◆ **Work required**:
Output the opening lines of the records exactly. End with the line that contains "La foto falsificada".

[Collected data entries]
┏━━

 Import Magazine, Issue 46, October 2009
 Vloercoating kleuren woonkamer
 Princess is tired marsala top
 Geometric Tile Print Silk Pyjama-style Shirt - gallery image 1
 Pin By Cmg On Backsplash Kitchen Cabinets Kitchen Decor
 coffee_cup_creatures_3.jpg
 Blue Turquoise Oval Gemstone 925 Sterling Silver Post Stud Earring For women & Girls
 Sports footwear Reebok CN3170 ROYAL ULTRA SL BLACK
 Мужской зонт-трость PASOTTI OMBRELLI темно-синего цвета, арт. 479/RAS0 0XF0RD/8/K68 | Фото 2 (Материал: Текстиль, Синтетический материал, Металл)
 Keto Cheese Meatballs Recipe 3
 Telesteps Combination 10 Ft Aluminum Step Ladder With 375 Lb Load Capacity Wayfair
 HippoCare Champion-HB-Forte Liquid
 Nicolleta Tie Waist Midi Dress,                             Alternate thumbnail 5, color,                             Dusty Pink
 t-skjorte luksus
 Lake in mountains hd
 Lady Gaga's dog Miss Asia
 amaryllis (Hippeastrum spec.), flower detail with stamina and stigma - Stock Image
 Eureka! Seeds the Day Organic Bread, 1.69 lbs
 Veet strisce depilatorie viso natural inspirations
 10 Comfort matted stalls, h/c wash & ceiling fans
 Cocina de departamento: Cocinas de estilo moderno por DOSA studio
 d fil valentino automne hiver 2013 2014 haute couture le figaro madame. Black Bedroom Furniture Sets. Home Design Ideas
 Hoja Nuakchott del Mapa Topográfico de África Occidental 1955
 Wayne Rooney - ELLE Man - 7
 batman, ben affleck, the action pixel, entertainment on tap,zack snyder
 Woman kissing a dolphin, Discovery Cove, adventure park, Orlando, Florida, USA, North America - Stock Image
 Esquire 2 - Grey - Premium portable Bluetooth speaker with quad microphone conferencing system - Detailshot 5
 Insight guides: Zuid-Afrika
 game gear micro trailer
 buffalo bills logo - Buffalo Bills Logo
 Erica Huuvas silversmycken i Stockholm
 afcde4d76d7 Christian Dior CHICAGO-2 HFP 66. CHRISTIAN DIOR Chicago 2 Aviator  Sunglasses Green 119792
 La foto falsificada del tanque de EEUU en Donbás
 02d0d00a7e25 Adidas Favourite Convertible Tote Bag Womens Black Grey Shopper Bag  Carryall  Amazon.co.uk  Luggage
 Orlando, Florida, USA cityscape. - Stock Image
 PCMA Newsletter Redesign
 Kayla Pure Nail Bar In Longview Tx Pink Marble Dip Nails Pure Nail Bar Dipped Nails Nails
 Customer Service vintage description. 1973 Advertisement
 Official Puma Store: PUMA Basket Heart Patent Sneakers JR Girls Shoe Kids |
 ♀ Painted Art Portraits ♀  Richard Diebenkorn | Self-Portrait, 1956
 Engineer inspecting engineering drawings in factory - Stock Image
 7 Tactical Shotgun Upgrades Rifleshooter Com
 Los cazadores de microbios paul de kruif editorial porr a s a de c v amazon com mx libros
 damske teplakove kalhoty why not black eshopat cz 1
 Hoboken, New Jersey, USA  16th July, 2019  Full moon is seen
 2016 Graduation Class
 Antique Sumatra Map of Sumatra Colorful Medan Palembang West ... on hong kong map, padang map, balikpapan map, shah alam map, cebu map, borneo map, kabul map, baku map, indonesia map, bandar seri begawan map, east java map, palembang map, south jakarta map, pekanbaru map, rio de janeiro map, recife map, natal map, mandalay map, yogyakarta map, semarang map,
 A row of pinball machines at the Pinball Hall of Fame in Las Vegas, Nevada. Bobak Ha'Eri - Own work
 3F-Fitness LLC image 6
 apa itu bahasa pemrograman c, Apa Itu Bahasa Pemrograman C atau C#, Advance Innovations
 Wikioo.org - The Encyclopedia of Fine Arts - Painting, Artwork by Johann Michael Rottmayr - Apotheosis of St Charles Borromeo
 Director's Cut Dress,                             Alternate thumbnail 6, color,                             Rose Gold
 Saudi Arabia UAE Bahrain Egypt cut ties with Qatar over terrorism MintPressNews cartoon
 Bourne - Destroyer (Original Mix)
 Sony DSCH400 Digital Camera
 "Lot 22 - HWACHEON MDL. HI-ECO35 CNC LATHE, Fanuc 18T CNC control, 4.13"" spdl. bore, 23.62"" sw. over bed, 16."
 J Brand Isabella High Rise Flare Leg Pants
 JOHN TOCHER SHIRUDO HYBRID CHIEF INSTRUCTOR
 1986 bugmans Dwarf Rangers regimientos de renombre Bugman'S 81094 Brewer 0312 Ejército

┗━━

◆ **Solution to this task**:
 Import Magazine, Issue 46, October 2009
 Vloercoating kleuren woonkamer
 Princess is tired marsala top
 Geometric Tile Print Silk Pyjama-style Shirt - gallery image 1
 Pin By Cmg On Backsplash Kitchen Cabinets Kitchen Decor
 coffee_cup_creatures_3.jpg
 Blue Turquoise Oval Gemstone 925 Sterling Silver Post Stud Earring For women & Girls
 Sports footwear Reebok CN3170 ROYAL ULTRA SL BLACK
 Мужской зонт-трость PASOTTI OMBRELLI темно-синего цвета, арт. 479/RAS0 0XF0RD/8/K68 | Фото 2 (Материал: Текстиль, Синтетический материал, Металл)
 Keto Cheese Meatballs Recipe 3
 Telesteps Combination 10 Ft Aluminum Step Ladder With 375 Lb Load Capacity Wayfair
 HippoCare Champion-HB-Forte Liquid
 Nicolleta Tie Waist Midi Dress,                             Alternate thumbnail 5, color,                             Dusty Pink
 t-skjorte luksus
 Lake in mountains hd
 Lady Gaga's dog Miss Asia
 amaryllis (Hippeastrum spec.), flower detail with stamina and stigma - Stock Image
 Eureka! Seeds the Day Organic Bread, 1.69 lbs
 Veet strisce depilatorie viso natural inspirations
 10 Comfort matted stalls, h/c wash & ceiling fans
 Cocina de departamento: Cocinas de estilo moderno por DOSA studio
 d fil valentino automne hiver 2013 2014 haute couture le figaro madame. Black Bedroom Furniture Sets. Home Design Ideas
 Hoja Nuakchott del Mapa Topográfico de África Occidental 1955
 Wayne Rooney - ELLE Man - 7
 batman, ben affleck, the action pixel, entertainment on tap,zack snyder
 Woman kissing a dolphin, Discovery Cove, adventure park, Orlando, Florida, USA, North America - Stock Image
 Esquire 2 - Grey - Premium portable Bluetooth speaker with quad microphone conferencing system - Detailshot 5
 Insight guides: Zuid-Afrika
 game gear micro trailer
 buffalo bills logo - Buffalo Bills Logo
 Erica Huuvas silversmycken i Stockholm
 afcde4d76d7 Christian Dior CHICAGO-2 HFP 66. CHRISTIAN DIOR Chicago 2 Aviator  Sunglasses Green 119792
 La foto falsificada del tanque de EEUU en Donbás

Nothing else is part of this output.